The club had been formed in 1912 as an investment company known as the Liberal Club Ltd. Incorporated and one of its purposes was the acquisition of property. By 1924, it was prosperous enough to have a seven-storey building designed and built at a cost of about £54,000. This was completed in 1925 by builders J. King and Son to the design of architect Frank H. Counsell.
The Builder of September 17, 1924, described the building under construction as a skeleton and floors of reinforced concrete filled in with brick. “A building of such height, surrounding other tall buildings, requires special treatment for light and air,” it declared. “In this case the demand for light is met by six light areas, and by glazed partition walls.”
The architect had ensured even temperature in the rooms by means of cavity walls and a super roof to prevent concrete ceilings over the top storey being chilled by rain or heated by the sun.
Accommodation for the Liberal Union was on the first floor. It included clubrooms with billiard tables, a card room, a reading and writing room, a ladies lounge and a balcony. Rooms above the first floor were let as offices “admirably located for the medical and dental professions”, the balconies being “convenient for patients resting after a light operation”.

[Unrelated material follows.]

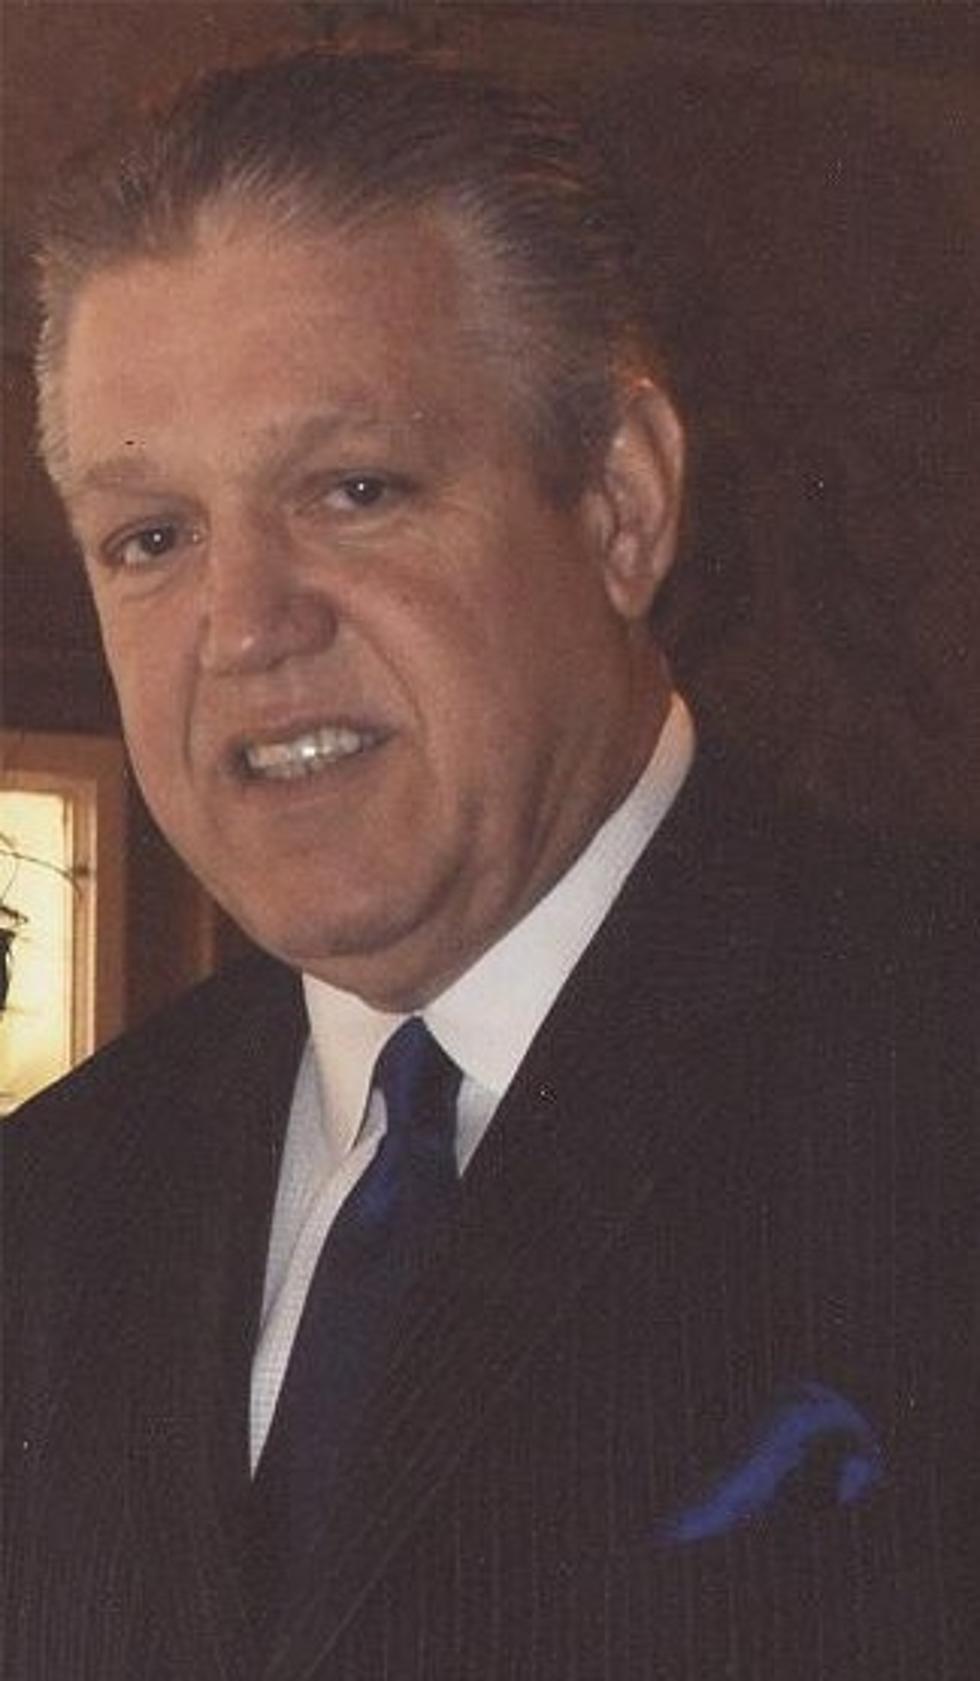 WGNA General Manager Bob Ausfeld Retires

On the ground floor was a public hall with a dance floor and seating for 150 people. The basement combined a large cafe for smokers and a somewhat smaller one for non-smokers. The café, known as the Piccadilly Tea Rooms, was run by Mesdames d’Arenberg and Twiss. By the 1930s it had become the Wentworth Tea Rooms.
Other tenants initially were six doctors, Sir Sidney Kidman and the University Club.
Architecturally, the building is an eclectic mix. The façade is similar to that of the adjacent Verco building, although its “high-rise” facade is considered more successful. Dominated by deep balconies between detailed bow windows, it makes great use of the interplay of light and shade. It is topped by a great arch above the tiered balconies on the topmost floor.
Inside, the building has been upgraded to modern office accommodation standards but the exterior still has a strong street presence. It is also an important example of a building being refurbished and given a new lease of life. The building was demolished in 1989 and the façade has been incorporated into the Myer Centre.